• Task objective: Exactly as written, print every line of the listing below and omit its pictures.

• Collected data:
○ ○ ○ ○ ○ ○ ○

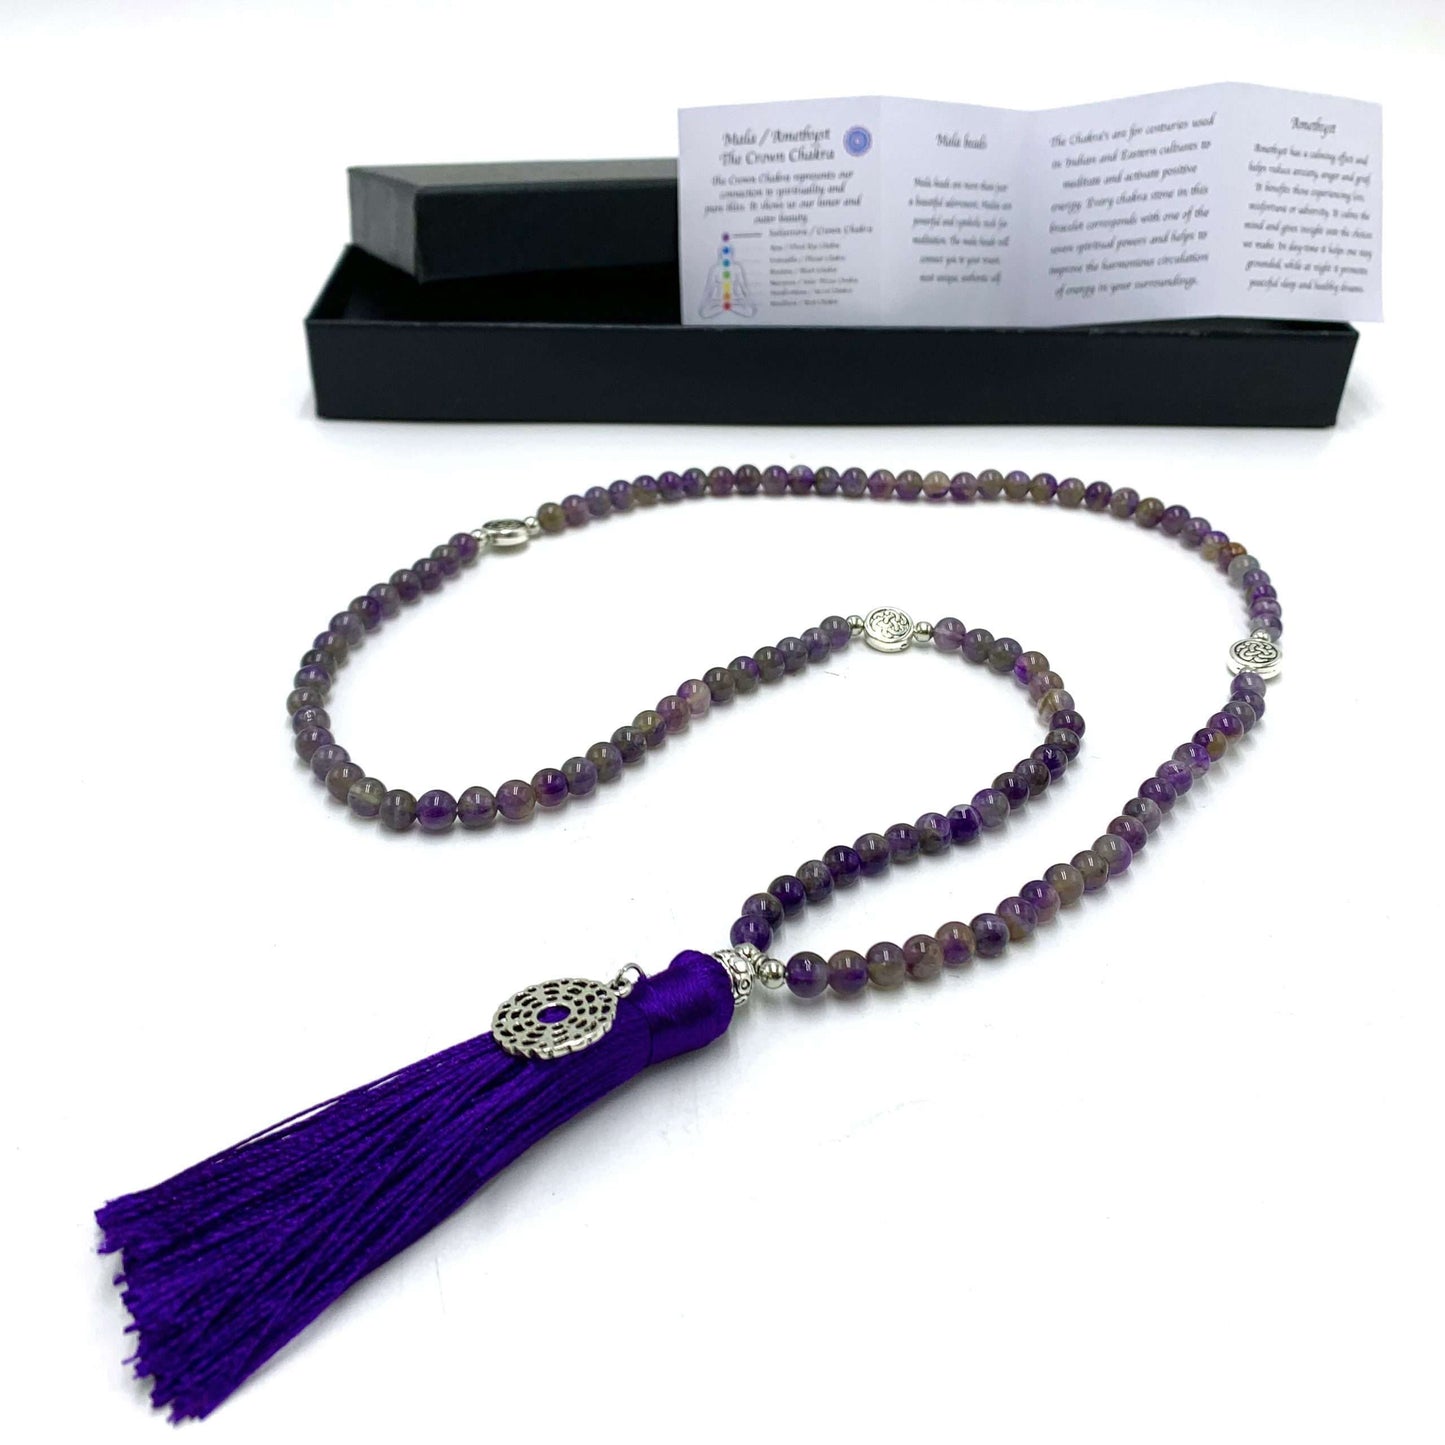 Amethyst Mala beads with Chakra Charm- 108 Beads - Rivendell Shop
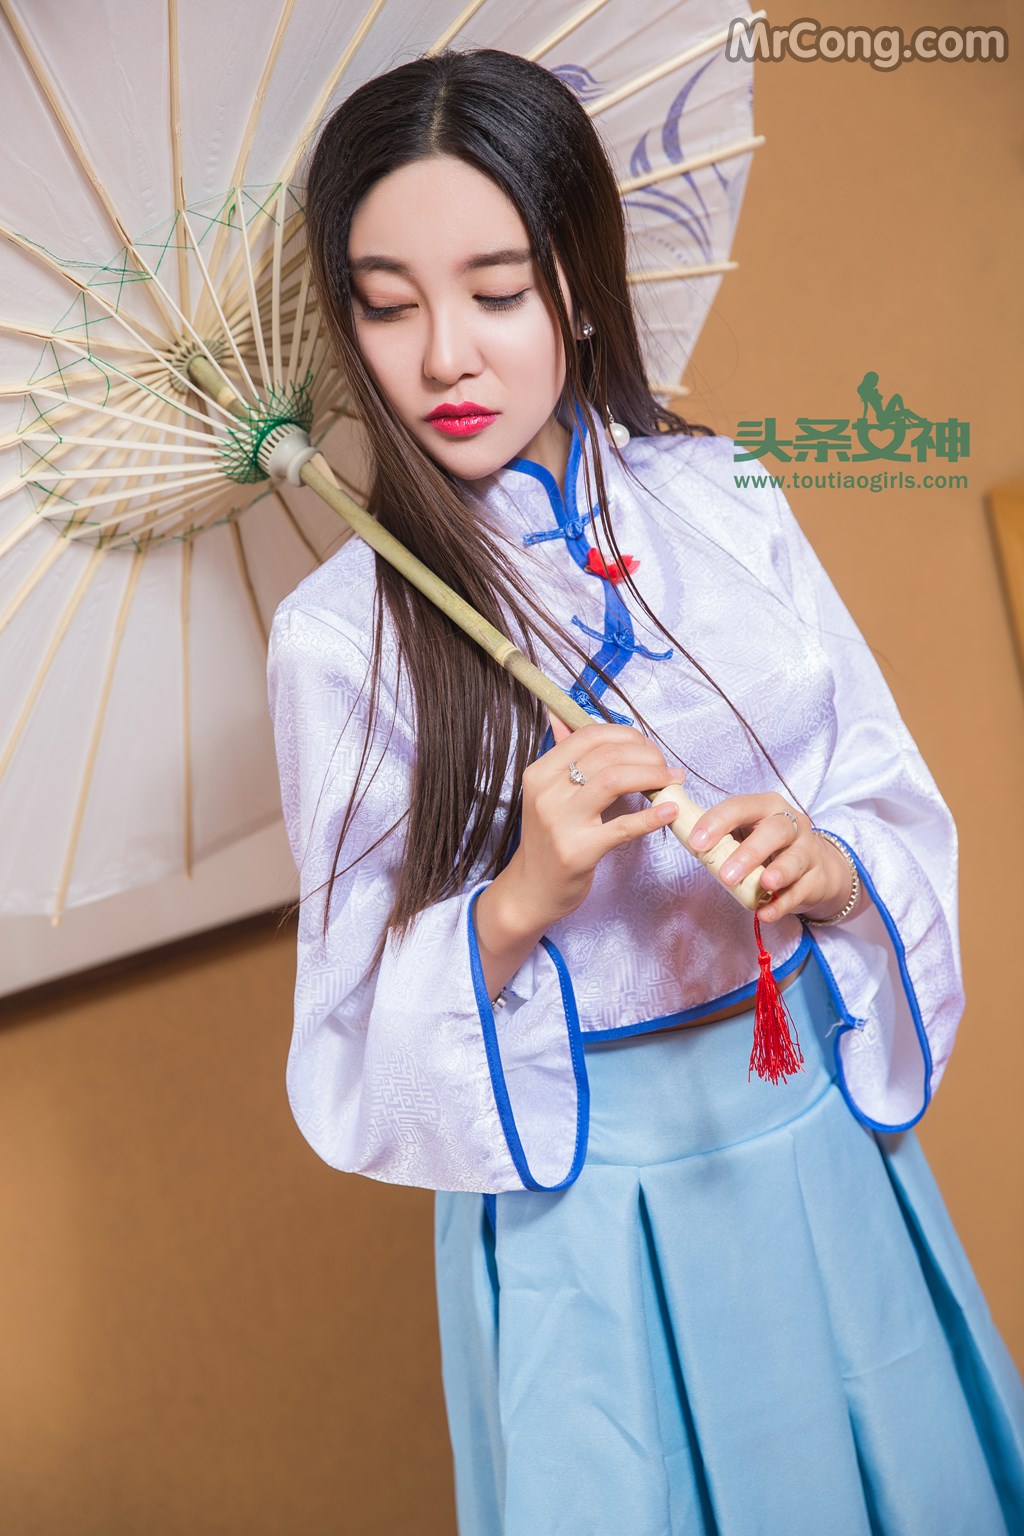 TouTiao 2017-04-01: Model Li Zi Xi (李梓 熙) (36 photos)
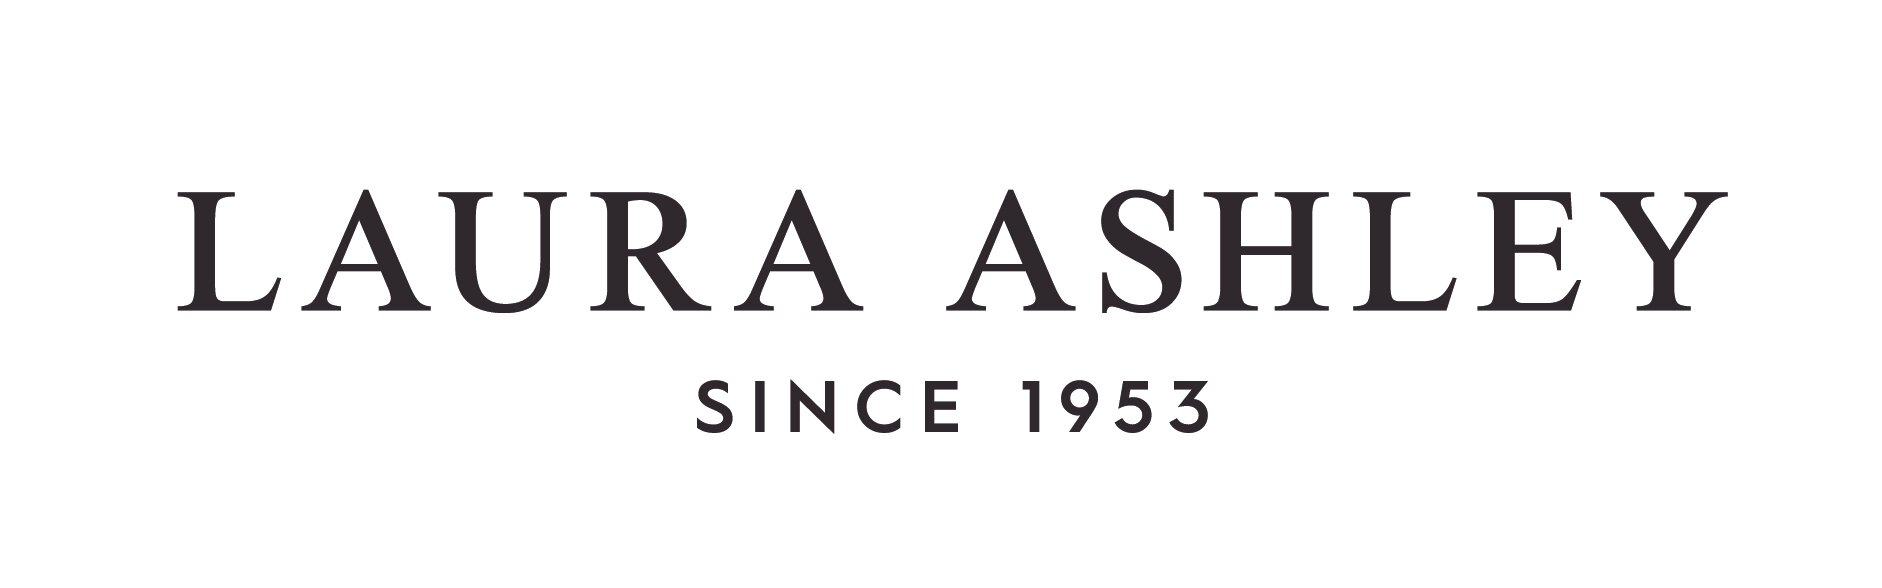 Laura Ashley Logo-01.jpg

○ ○ ○ ○ ○ ○ ○

• Result of the exercise:
 Amethyst Mala beads with Chakra Charm- 108 Beads - Rivendell Shop
 TouTiao 2017-04-01: Model Li Zi Xi (李梓 熙) (36 photos)
 Laura Ashley Logo-01.jpg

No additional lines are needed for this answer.